I. Die beteiligten Eltern und das Kind, Zoubeir, sind tunesische Staatsangehörige. Sie leben seit Jahren in der Bundesrepublik Deutschland; Z. ist hier im Jahre 1978 geboren. Die Ehe der Eltern ist inzwischen in Tunesien geschieden worden. In dem dortigen Ehescheidungsverfahren hat das Eingangsgericht das Sorgerecht der Mutter (jetzige Antragstellerin) übertragen. Auf die Teilberufung des Vaters (jetziger Antragsgegner) hat ihr jedoch das Berufungsgericht Tunis durch Urteil vom 22. April 1982 das Sorgerecht entzogen und es dem Vater zugesprochen.

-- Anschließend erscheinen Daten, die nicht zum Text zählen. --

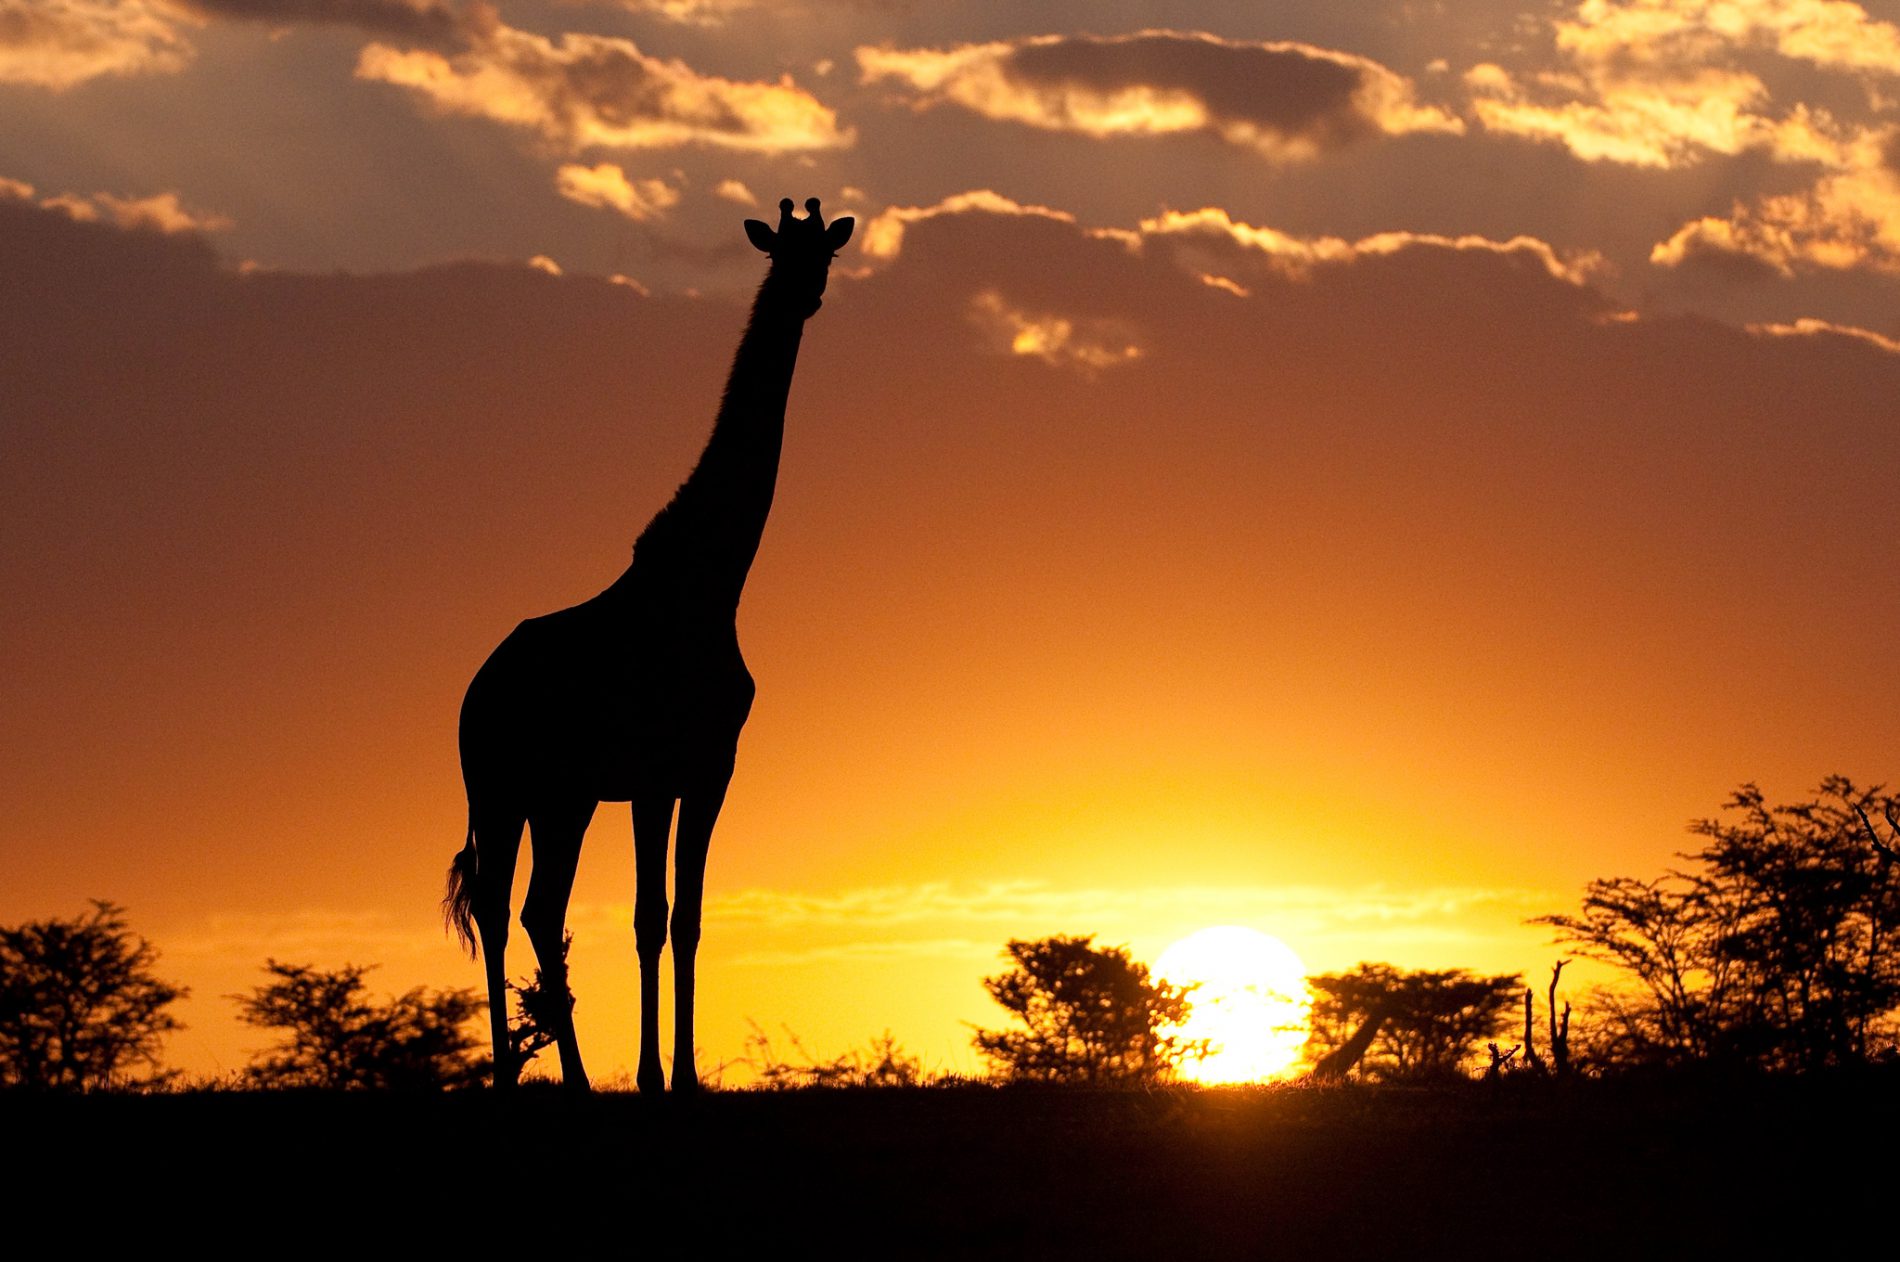 Giraffe silhouette in Africa
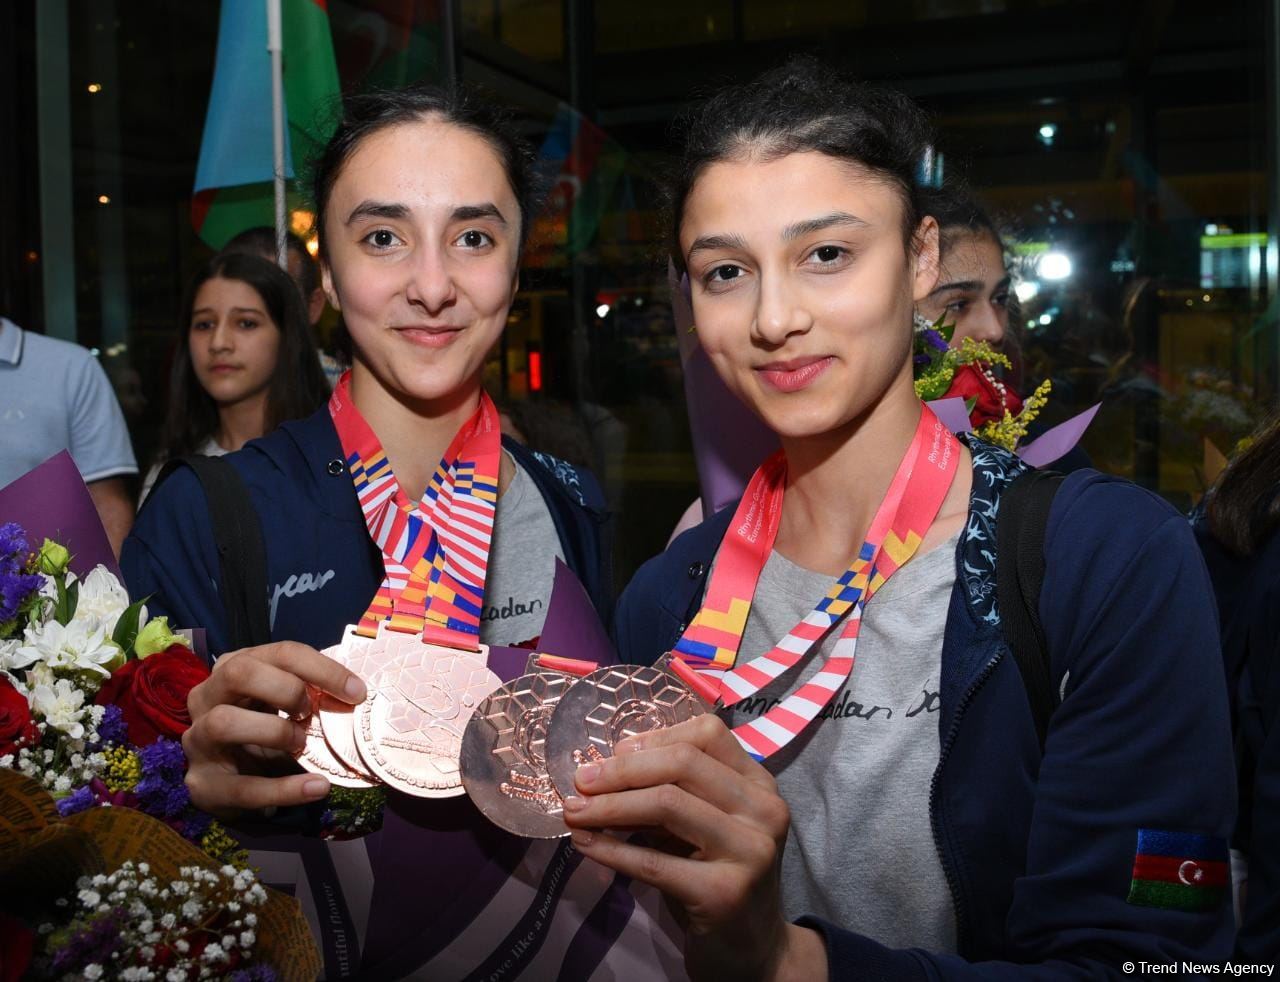 Азербайджанские гимнастки вернулись с Чемпионата Европы в Израиле с четырьмя медалями  (ФОТО)

Die Mutter hat beantragt, die elterliche Sorge ihr zu übertragen. Das Amtsgericht - Familiengericht - hat so entschieden. Die Beschwerde des Vaters ist ohne Erfolg geblieben. Mit der - zugelassenen - weiteren Beschwerde hält der Vater daran fest, daß die Sorgerechtsentscheidung des Berufungsgerichts Tunis vom 22. April 1982 maßgeblich sei und dem recht verstandenen Wohl des Kindes entspreche.
II. Die weitere Beschwerde bleibt ohne Erfolg.
1. Die deutschen Gerichte sind für die hier zu treffende Entscheidung international zuständig. Dies folgt aus dem Haager Übereinkommen vom 5. Oktober 1961 über die Zuständigkeit von Behörden und das anzuwendende Recht auf dem Gebiet des Schutzes von Minderjährigen - MSA - (BGBl. 1971 II S. 217, 1150). Das Übereinkommen findet nach seinem Art. 13 Abs. 1 Anwendung, weil das Kind seinen gewöhnlichen Aufenthalt in der Bundesrepublik Deutschland hat, welche zu den Vertragsstaaten des Übereinkommens gehört. Daß Tunesien nicht zu den Vertragsstaaten zählt, ist unerheblich (vgl. insoweit BGH Urteile vom 31. Januar 1973 - IV ZR 67/71 - FamRZ 1973, 185; vom 5. Februar 1975 - IV ZR 103/73 - NJW 1975, 1068; vom 24. Januar 1978 - VI ZR 95/75 - VersR 1978, 346, 347; Senatsurteil vom 15. Januar 1986 - IVb ZR 75/84 - zur Veröffentlichung bestimmt). Gemäß Art. 1 MSA sind die Gerichte des Aufenthaltsstaates des Minderjährigen für Maßnahmen zum Schutz einer Person (und seines Vermögens) zuständig. Schutzmaßnahmen in diesem Sinne sind auch die Entscheidungen zum Sorgerecht. Art. 3 MSA, demzufolge ein Gewaltverhältnis anzuerkennen ist, das nach dem innerstaatlichen Recht des Staates, dem der Minderjährige angehört, kraft Gesetzes besteht (sog. ex-lege-Gewaltverhältnis), schließt hier die internationale Zuständigkeit der deutschen Gerichte nicht aus, weil auch nach tunesischem Recht ein richterlicher Eingriff in die Rechtsstellung des Vaters, wie er nach deutschem Recht bei Übertragung der elterlichen Sorge auf die Mutter eintritt, nicht ausgeschlossen ist (s. zu alledem näher Senatsbeschluß vom 11. April 1984 - IVb ZB 96/82 - FamRZ 1984, 686, 687).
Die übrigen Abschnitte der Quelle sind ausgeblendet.